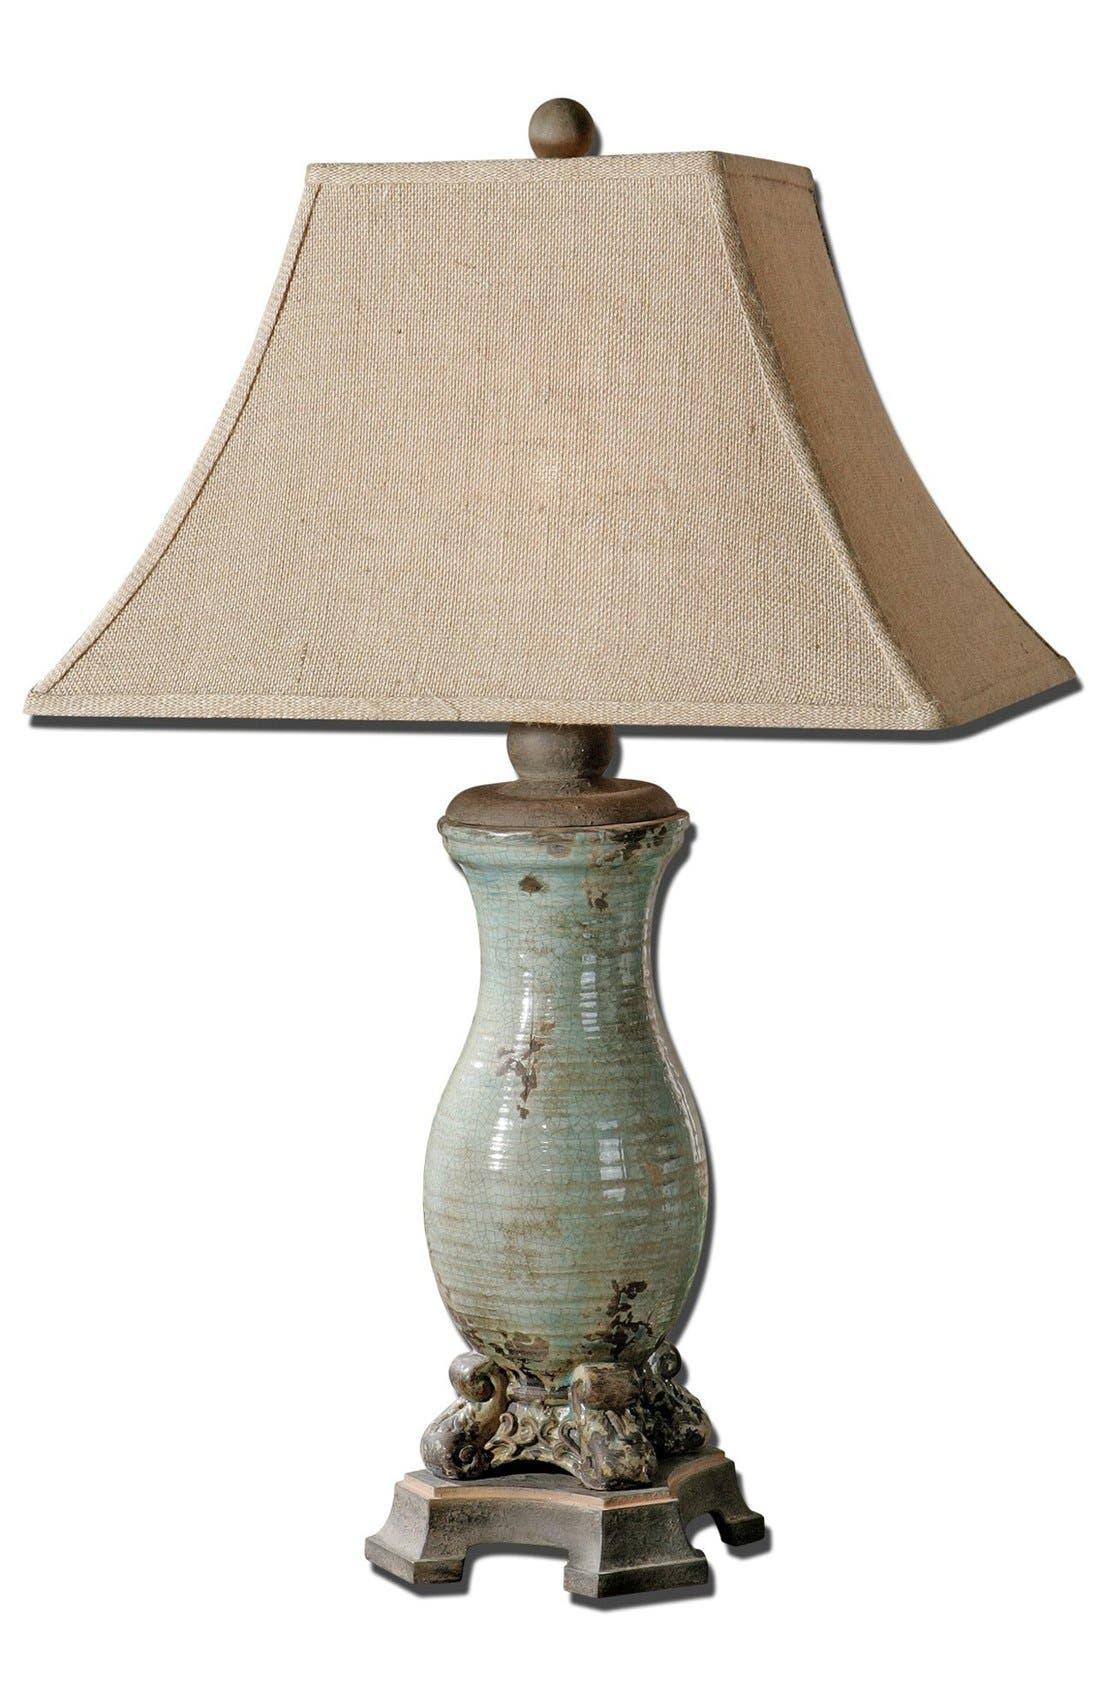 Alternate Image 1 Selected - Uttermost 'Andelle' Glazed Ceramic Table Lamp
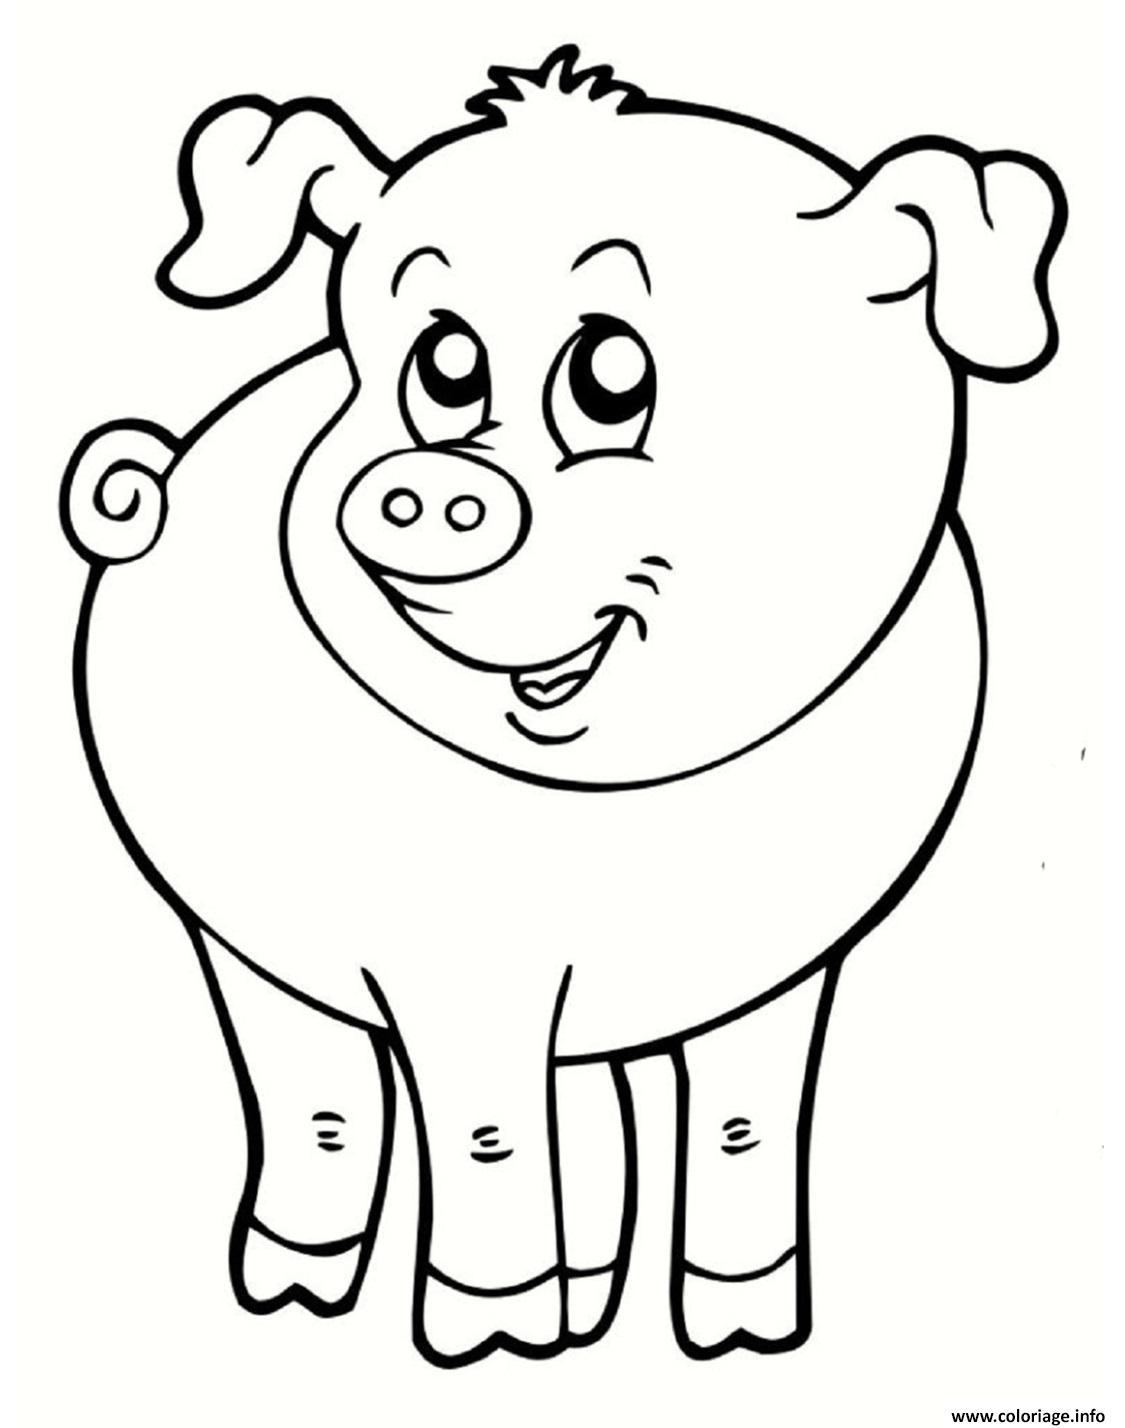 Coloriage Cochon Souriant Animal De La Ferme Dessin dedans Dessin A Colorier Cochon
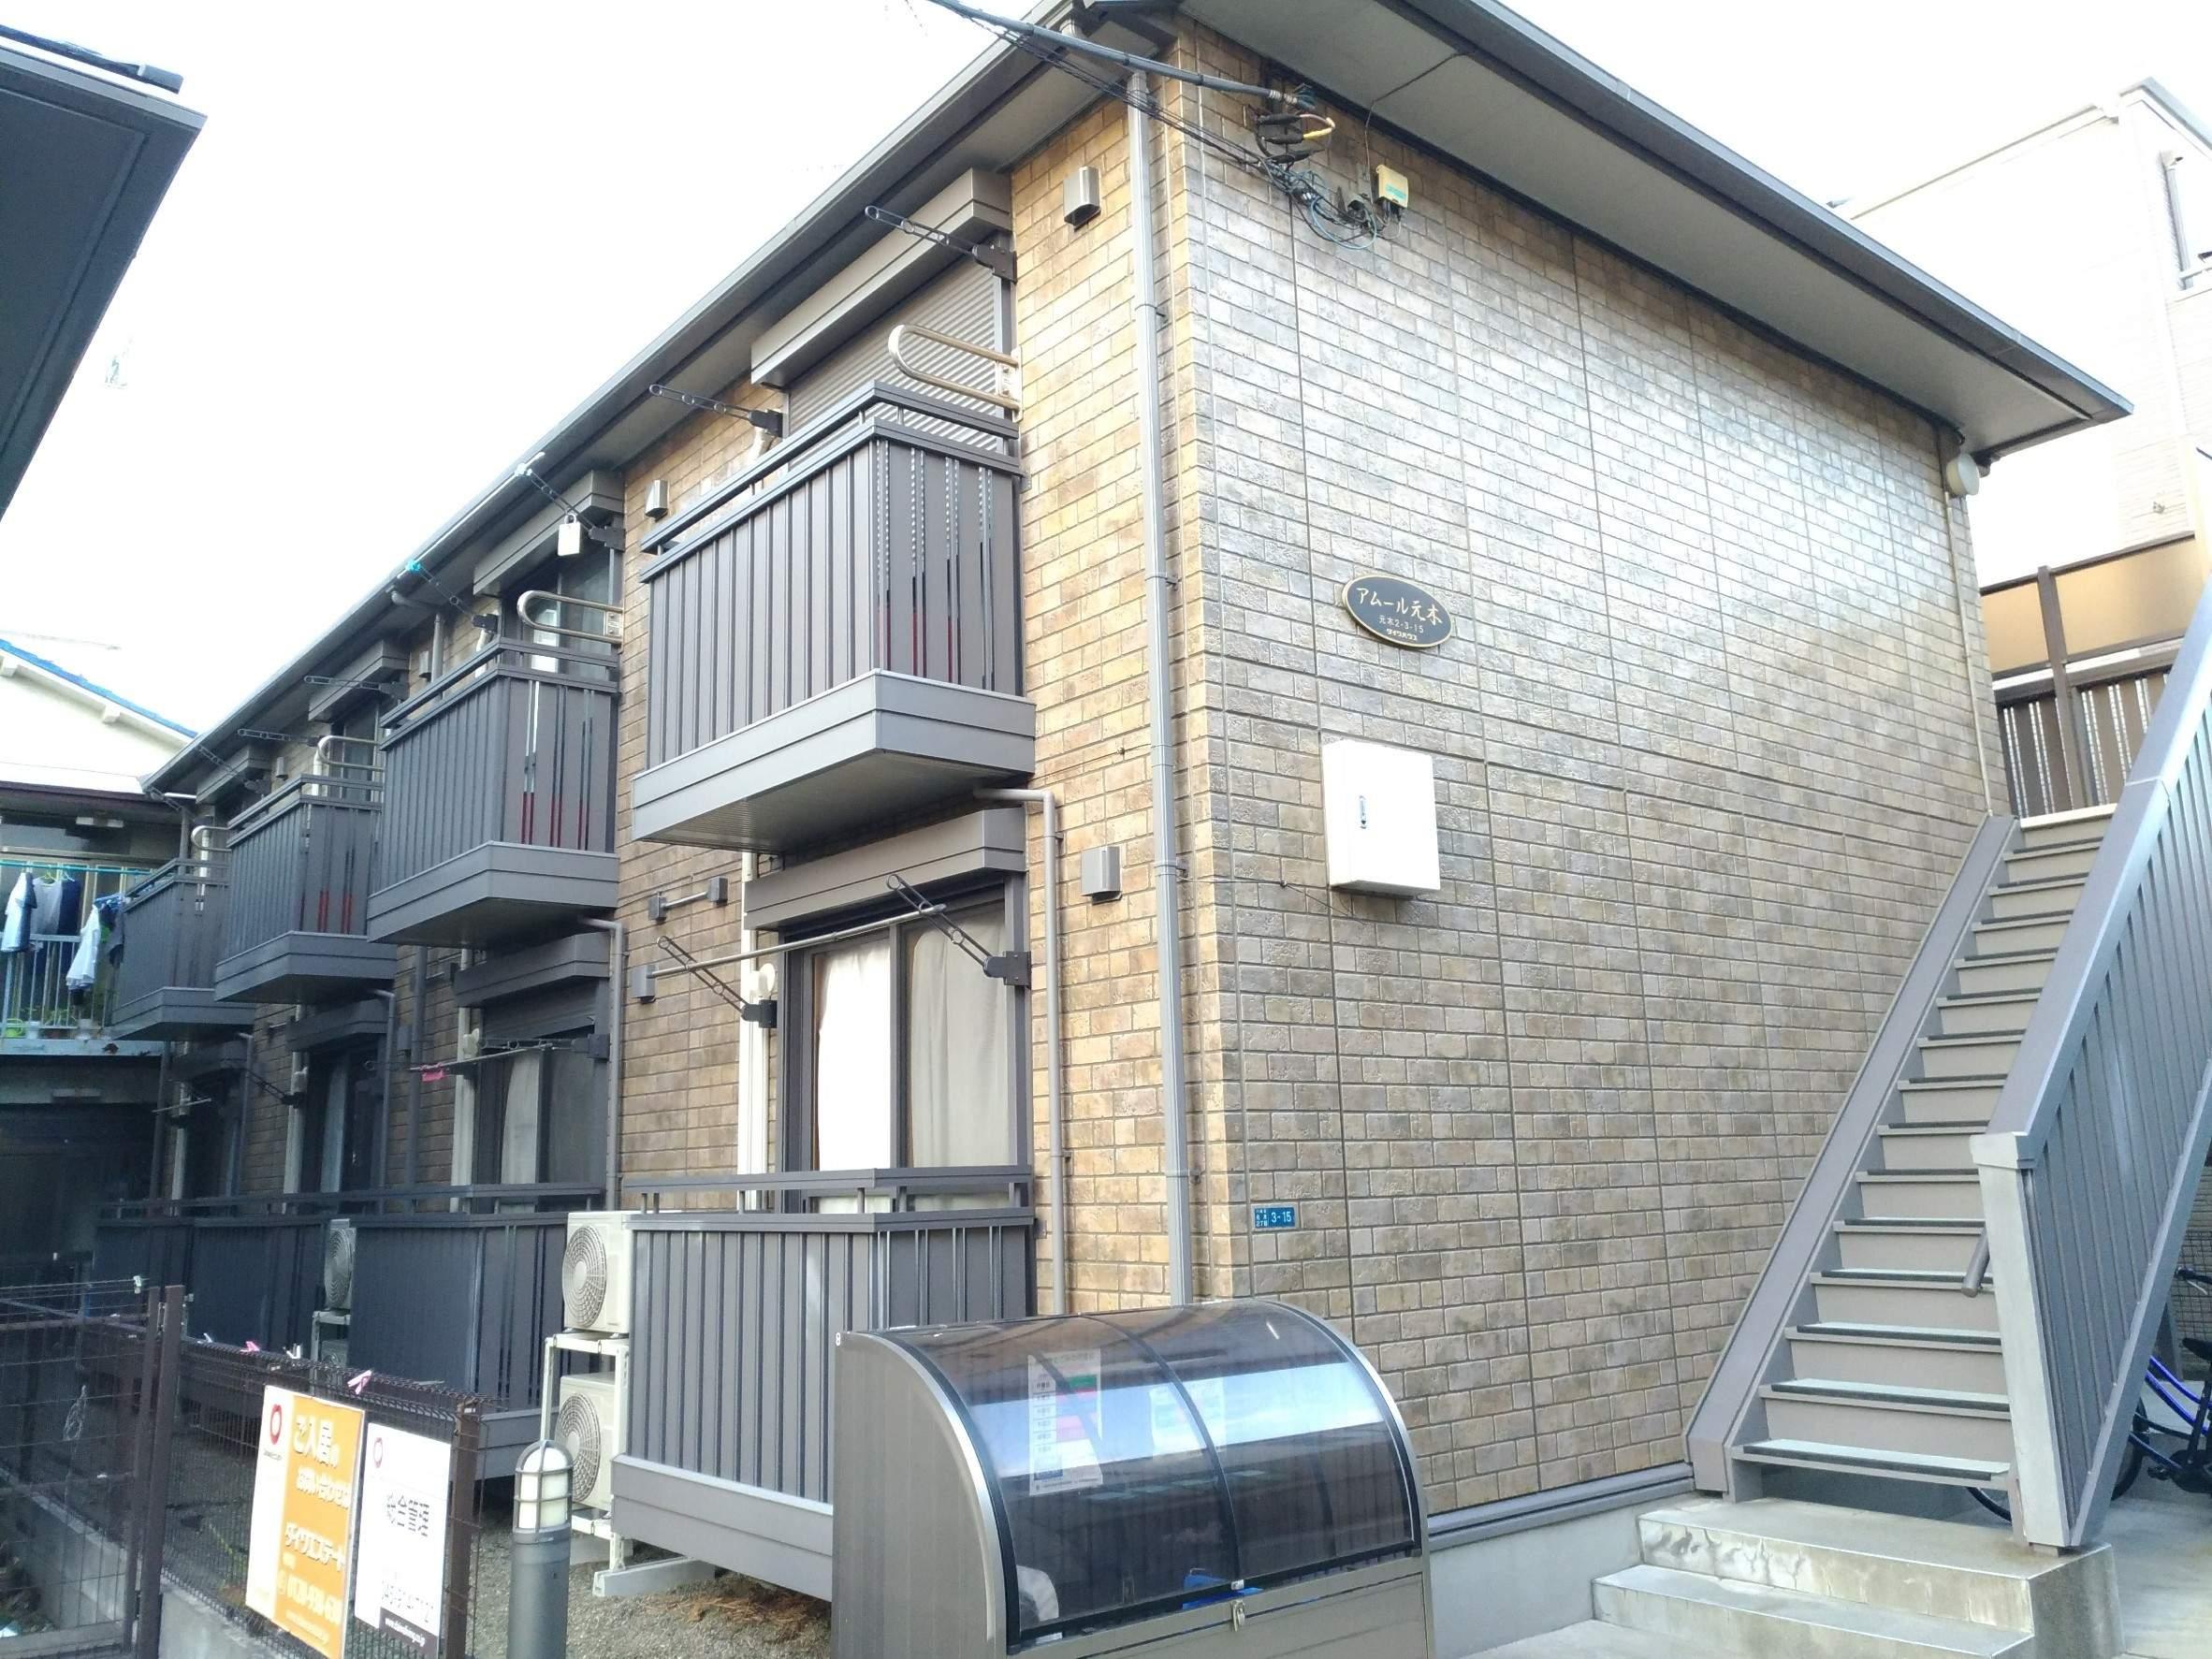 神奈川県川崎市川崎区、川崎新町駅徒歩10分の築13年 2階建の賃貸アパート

Description of the task — Transcribe the listing in full. Leave the pictures out.

Written reply —
 Alternate Image 1 Selected - Uttermost 'Andelle' Glazed Ceramic Table Lamp
 Coloriage Cochon Souriant Animal De La Ferme Dessin dedans Dessin A Colorier Cochon
 神奈川県川崎市川崎区、川崎新町駅徒歩10分の築13年 2階建の賃貸アパート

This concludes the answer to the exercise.